━━ Data section ━━
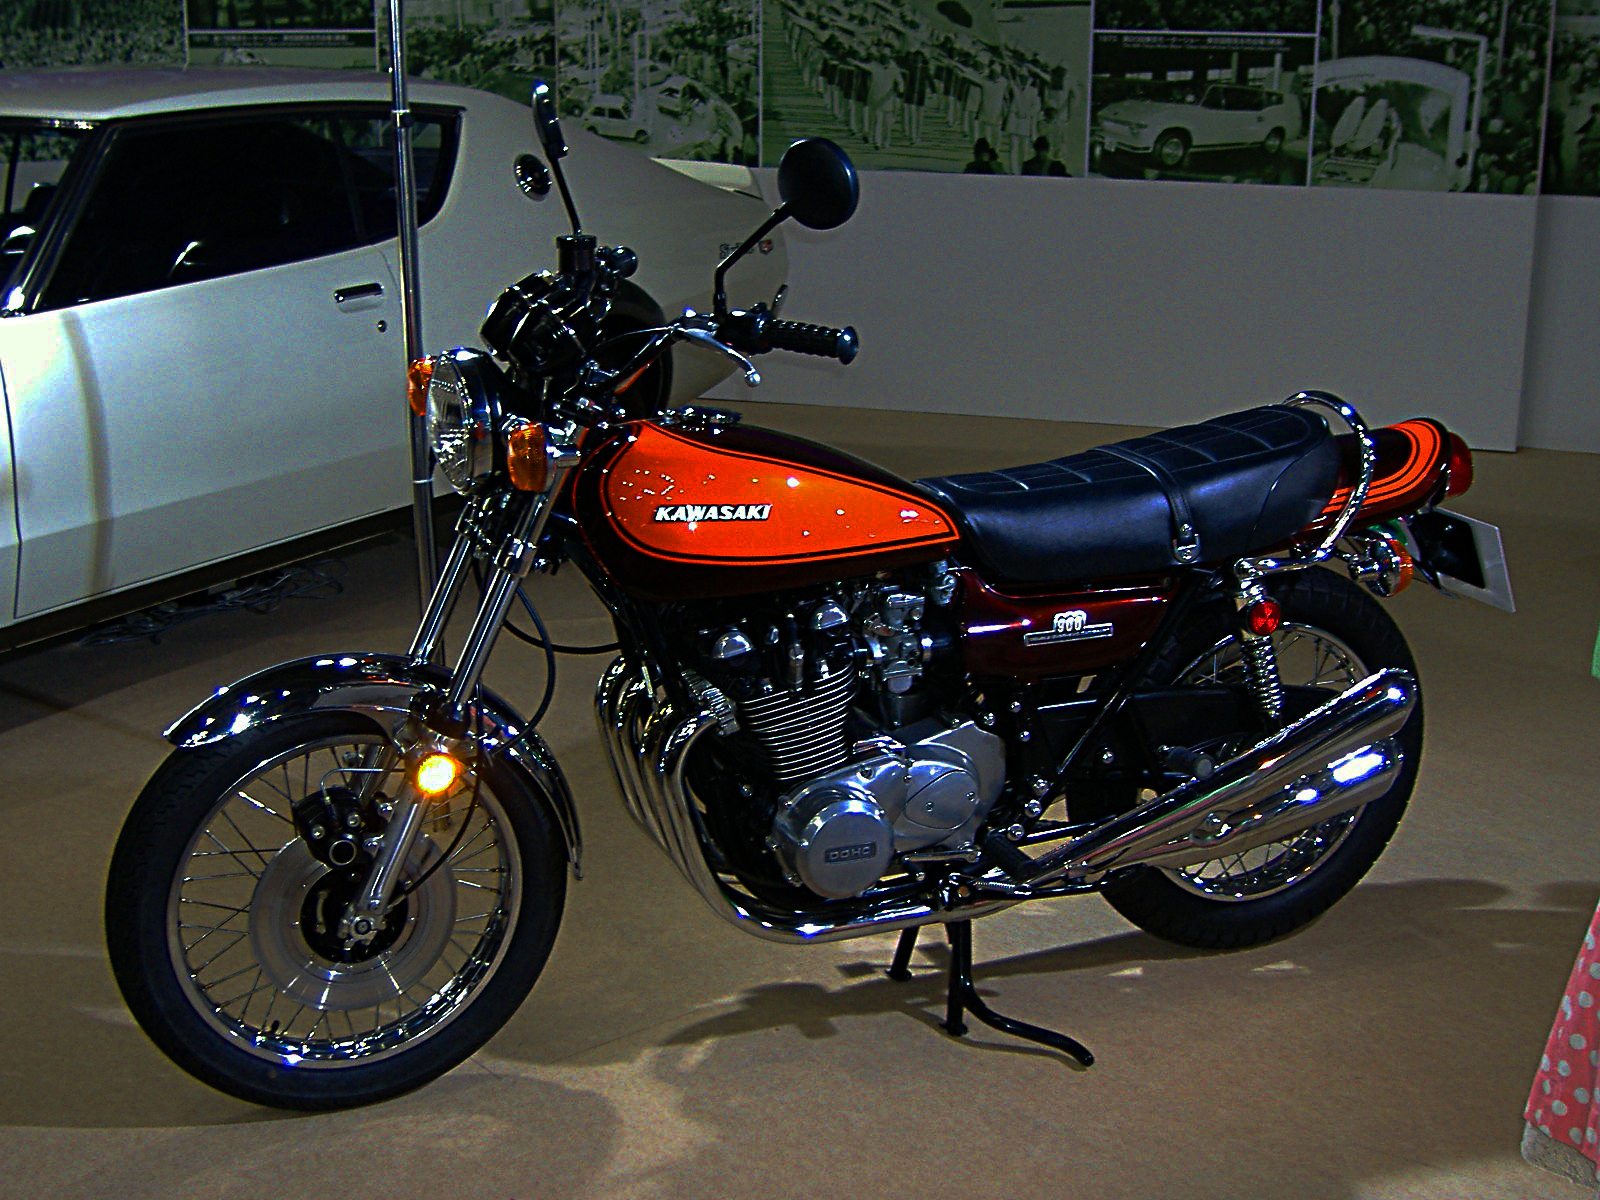 Kawasaki Z1 Motorcycle Wiki Fandom Powered By Wikia
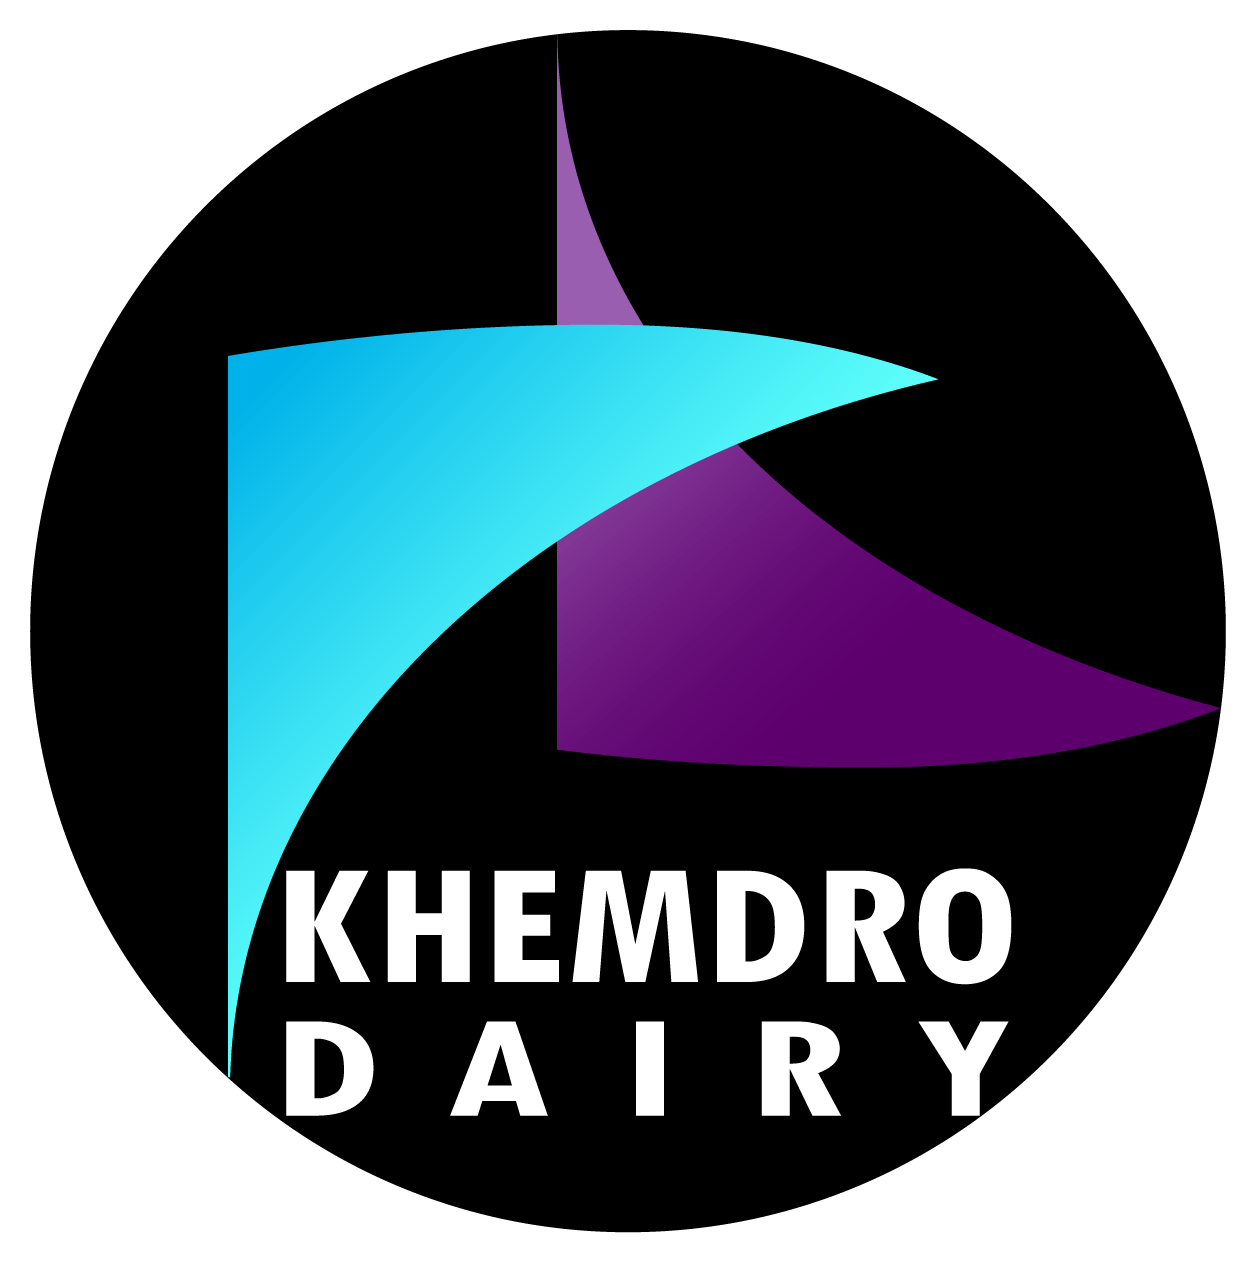 Khemdro Dairy
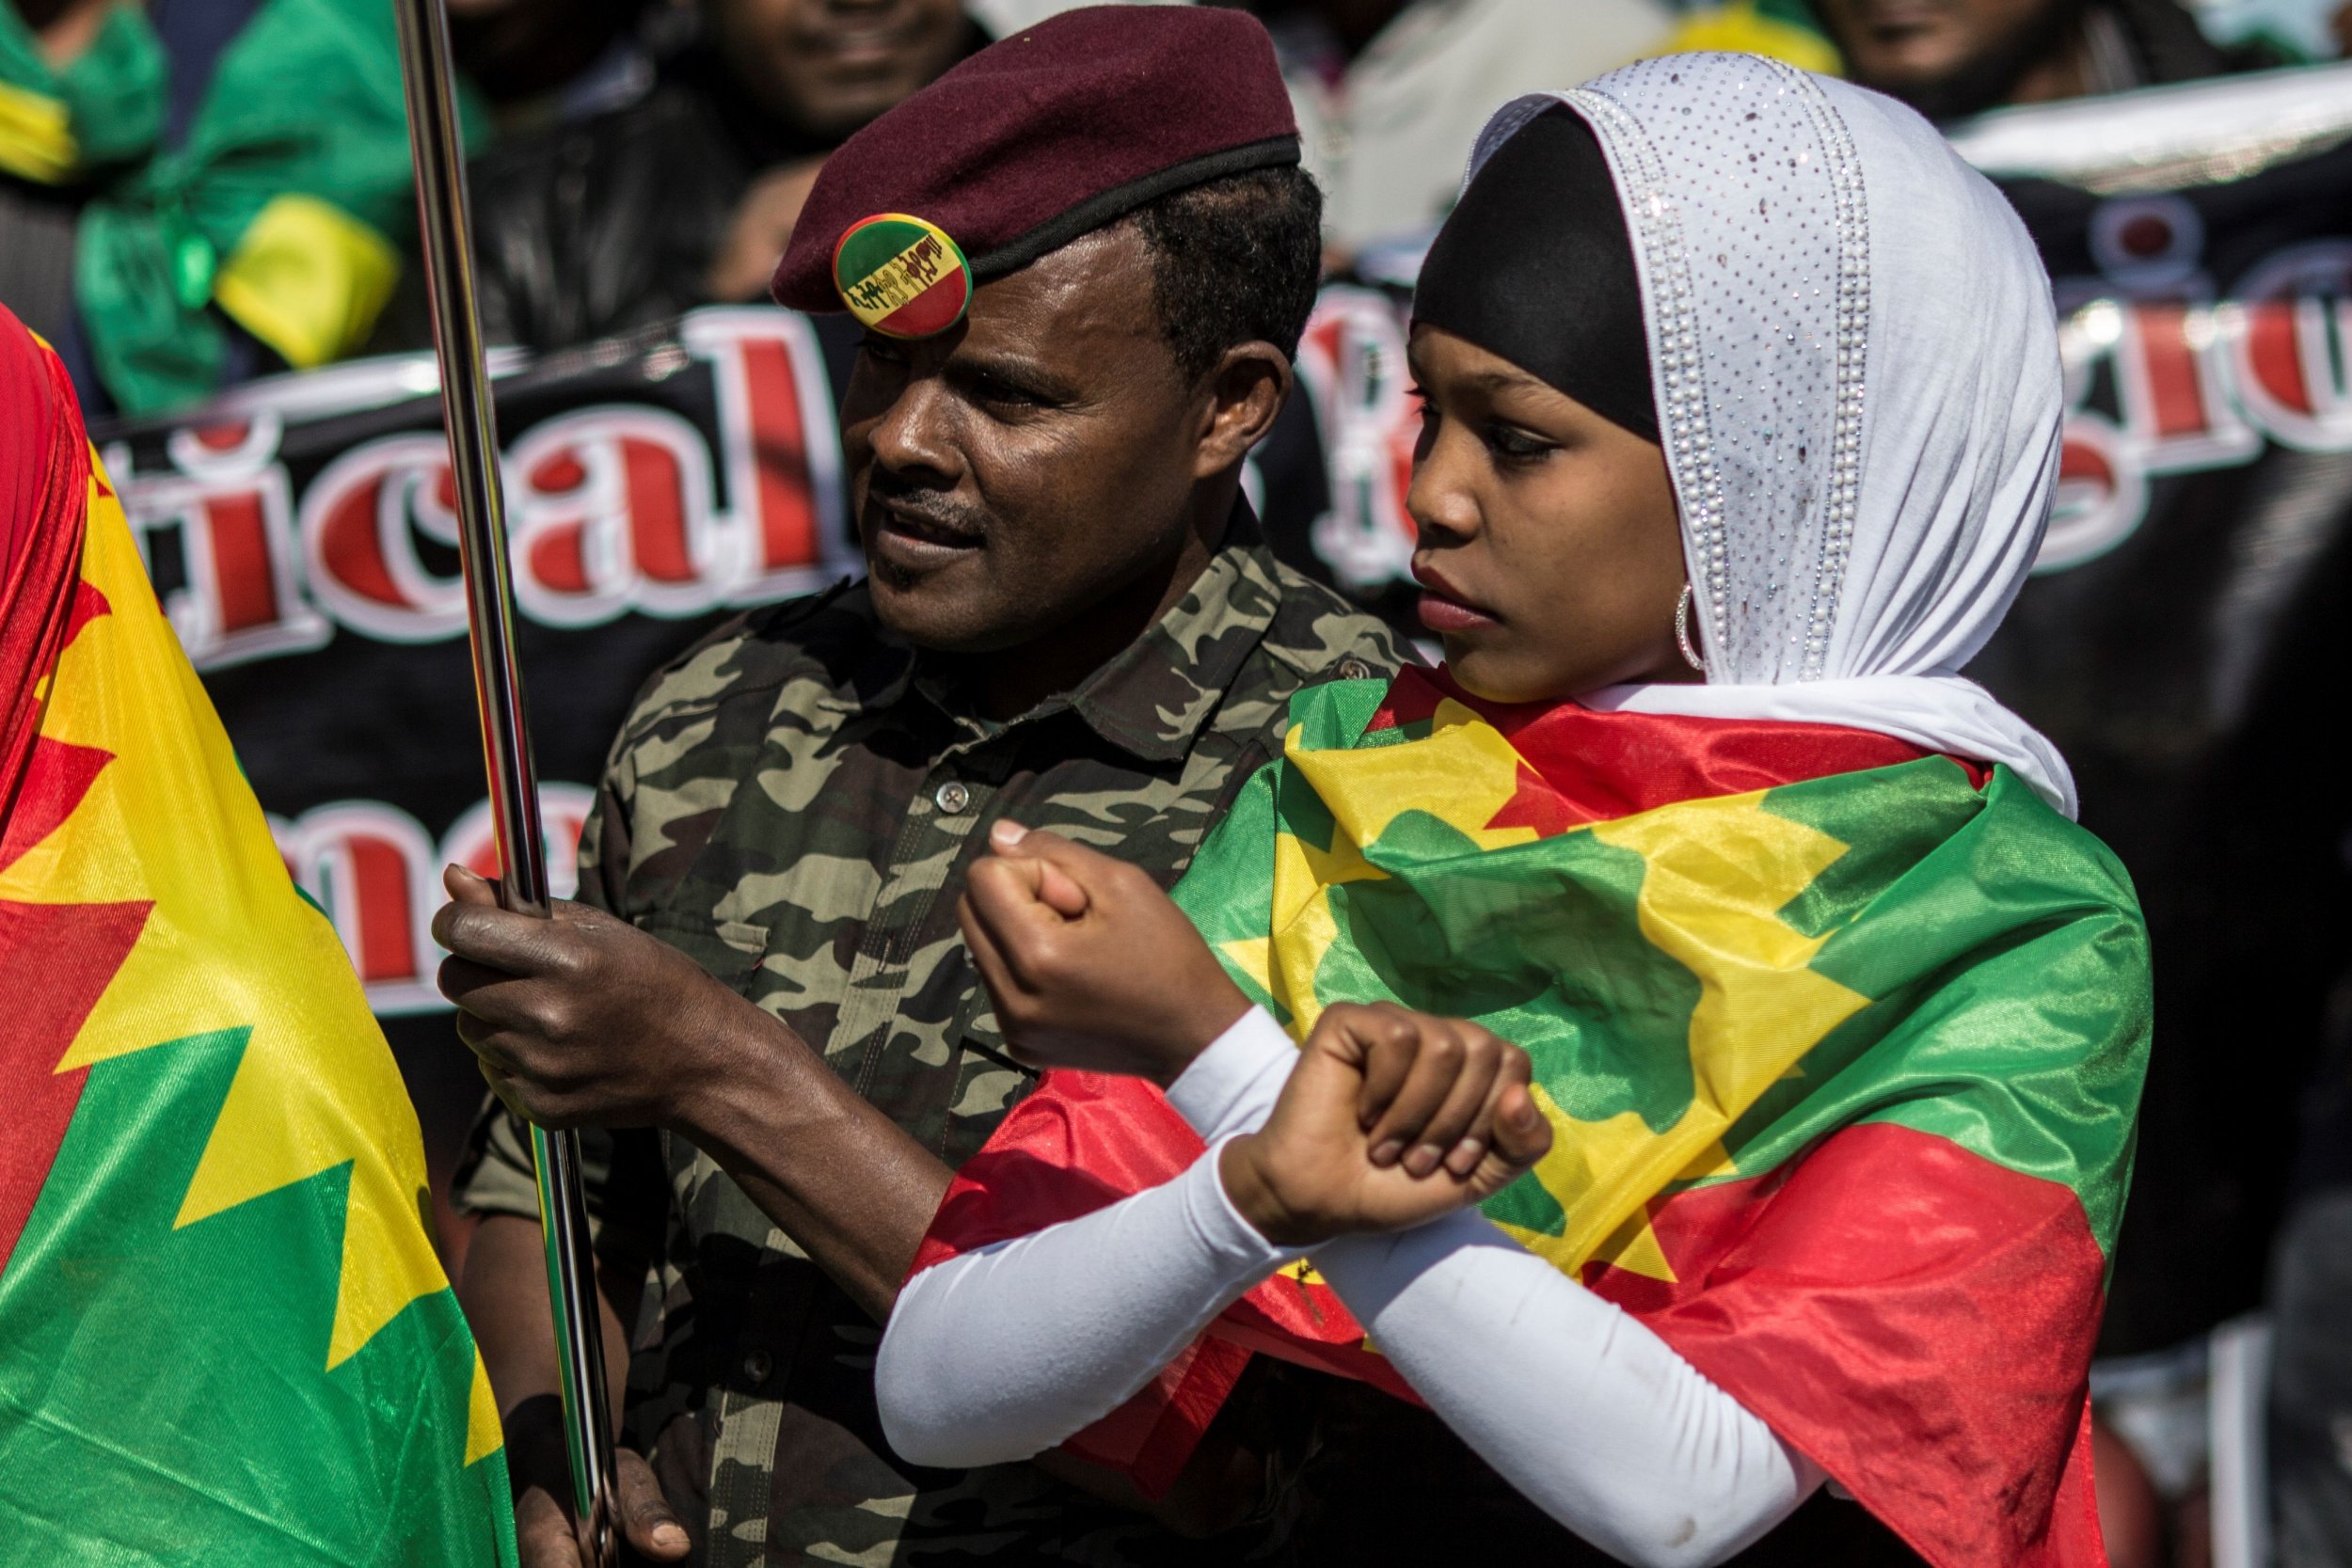 09_19_Ethiopia_conflict
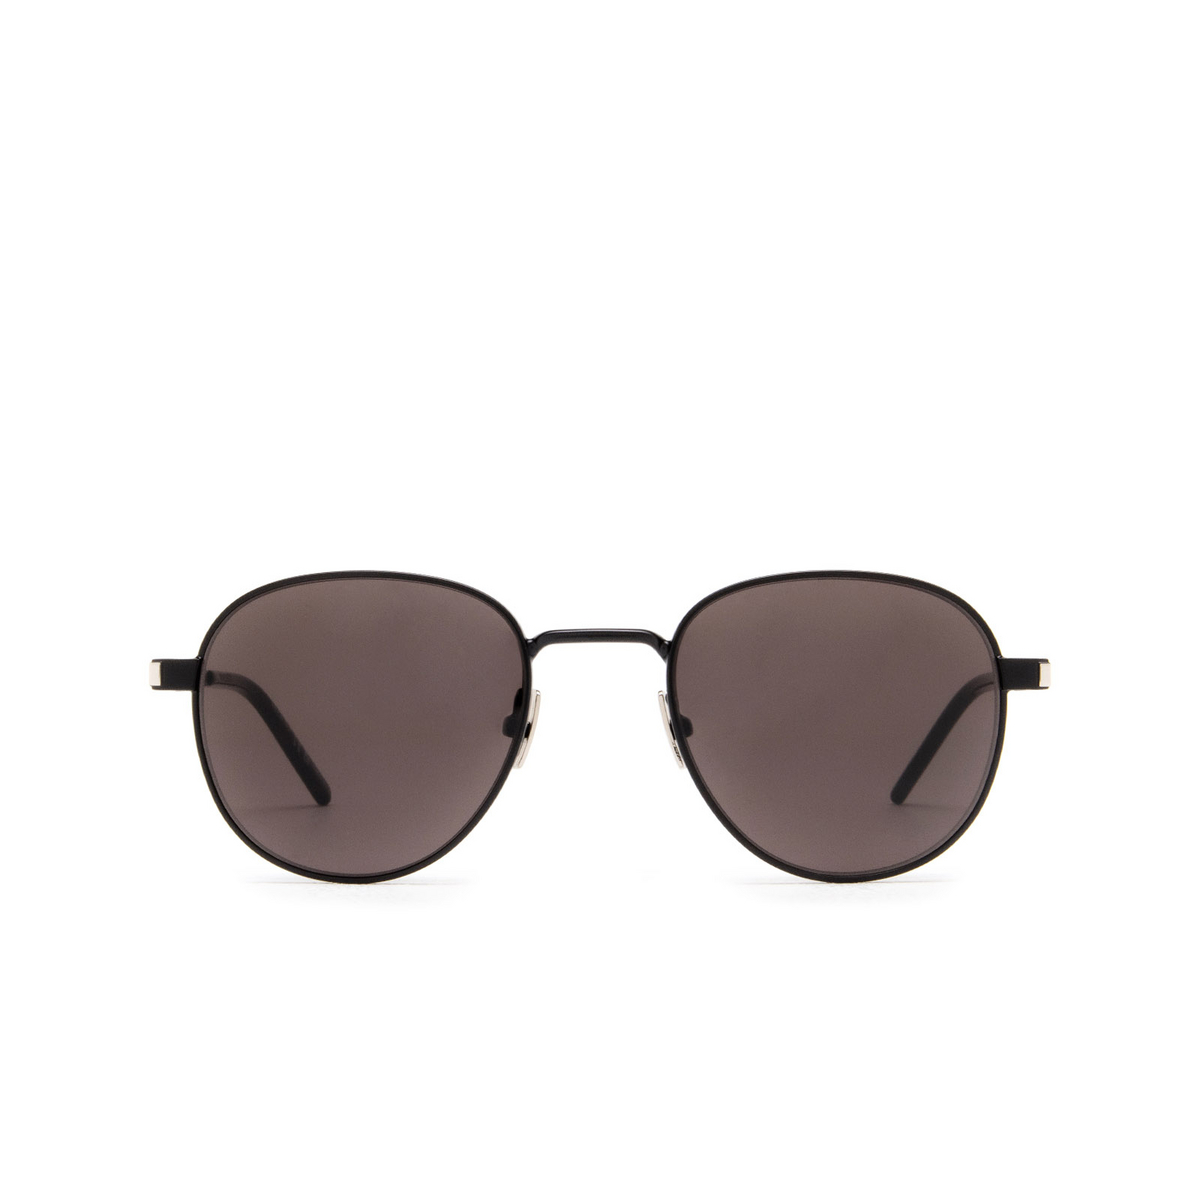 Saint Laurent SL 555 Sunglasses 001 Black - front view
━━━
Prompt
Give the listing above again exactly, minus any images.

Written solution
 Kawasaki Z1 Motorcycle Wiki Fandom Powered By Wikia
 Khemdro Dairy
 09_19_Ethiopia_conflict
 Saint Laurent SL 555 Sunglasses 001 Black - front view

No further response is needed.